Abu-Lughod’s essay “Do Muslim Women Really Need Saving,” questions why Americans think that “Muslim women” in Afghanistan need to be rescued from their society and country. She characterizes this premise as being a method of rejecting cultural differences, and states that this has become the West’s main focus following the events of September 11, 2001, and the beginning of the “War on Terror”. Abu-Lughod argues that countries in the West should analyze their contribution to living conditions in countries like Afghanistan. Furthermore, according to Abu-Lughod, the West trying to save “Muslim woman”, recreates past events that took place in the 19th Century by Christian missionary woman who attempted to save “Muslim women” and attempted to impose their dominance onto their society.
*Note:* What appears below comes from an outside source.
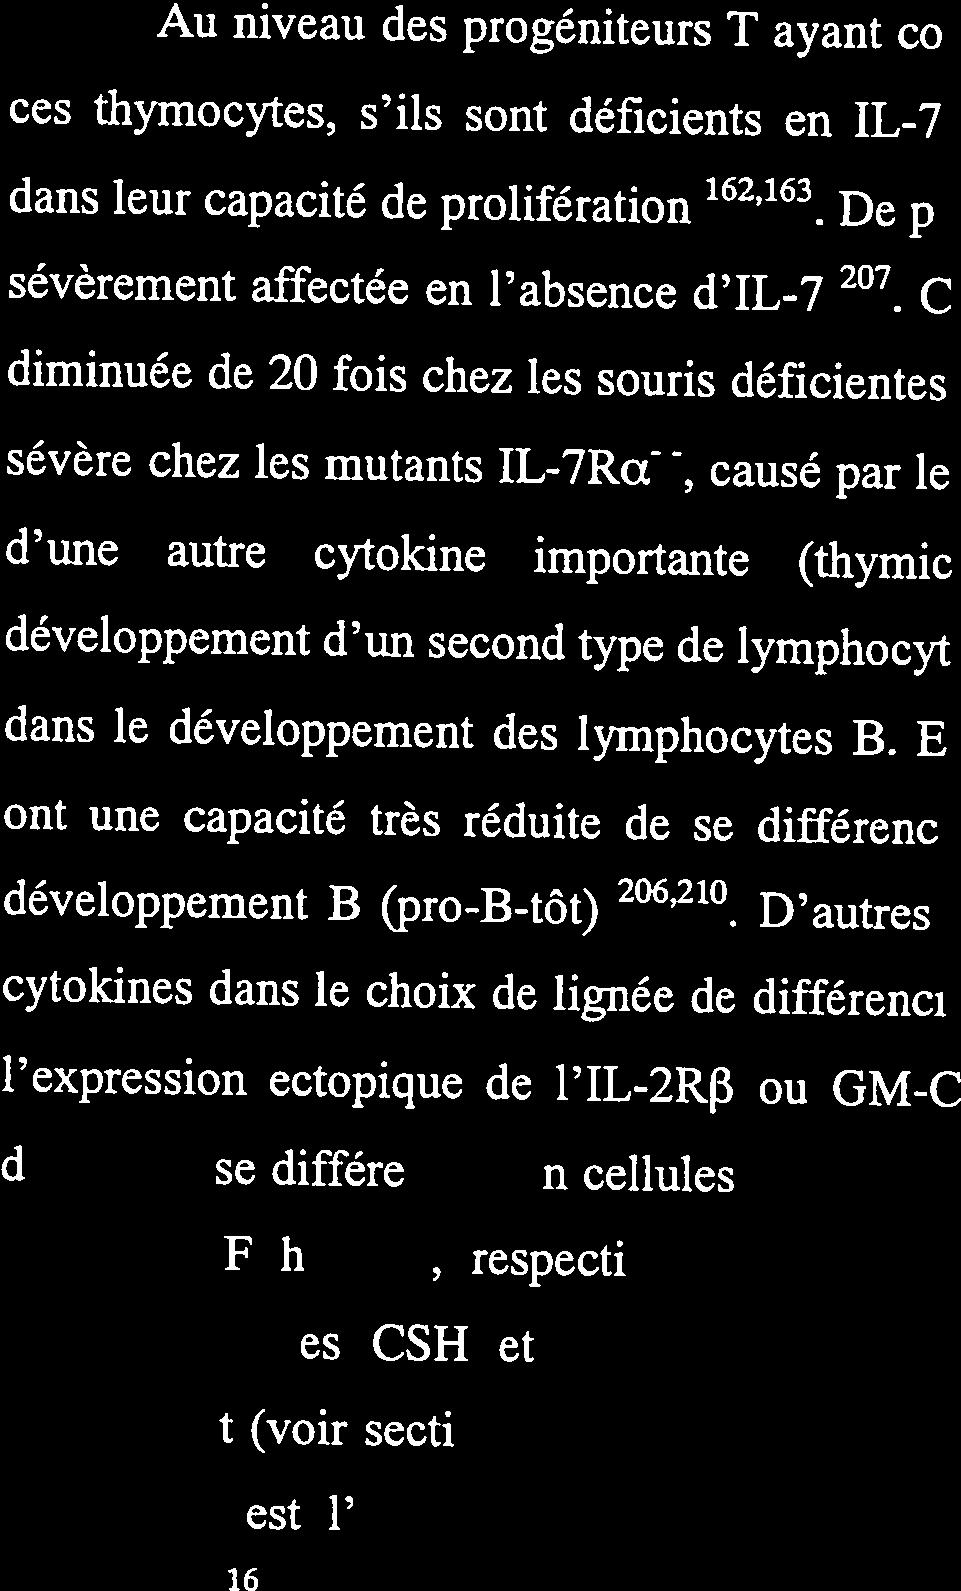 ont une capacité très réduite de se différencier vers le stade le plus immature du développement B (pro-b-tôt) 206,210 D autres exemples font mention de l action de cytokines dans le choix de lignée

Abu-Lughod’s discusses that following the beginning of “War of Terror”, culture and religious practices became the focus in understanding the events of September 11, 2001. She further argues that by studying the culture, the West switched and moved away from the more important issue, namely, the political and historical reasons for men and woman enduring hardships in the Middle East. Moreover, Abu-Lugod cites Laura Bush’s speech, which discussed the plight of the “Muslim woman”. She refers to Bush’s speech as the “cultural mode of explanation” because it discusses the importance of saving “Muslim women”. Abu-Lughod argues that the speech served as a way to support and defend America’s “War on Terrorism”, and the destruction that came along to Muslim countries.
Abu-Lughod states that the religious and cultural practices of woman, including “wearing a veil” is something that has been practiced for centuries. It is a symbol of “modesty and respectability”, and is not the product and explanation for the events of September 11, 2001. She further states that if the mandatory “burqas” were no longer enforced, woman would choose another method of “veiling”. The veil is not the problem, but according to Abu-Lughod it represents the West’s problem of accepting differences in others, and dealing with the true problems that causing the Middle East severe hardships and suffering.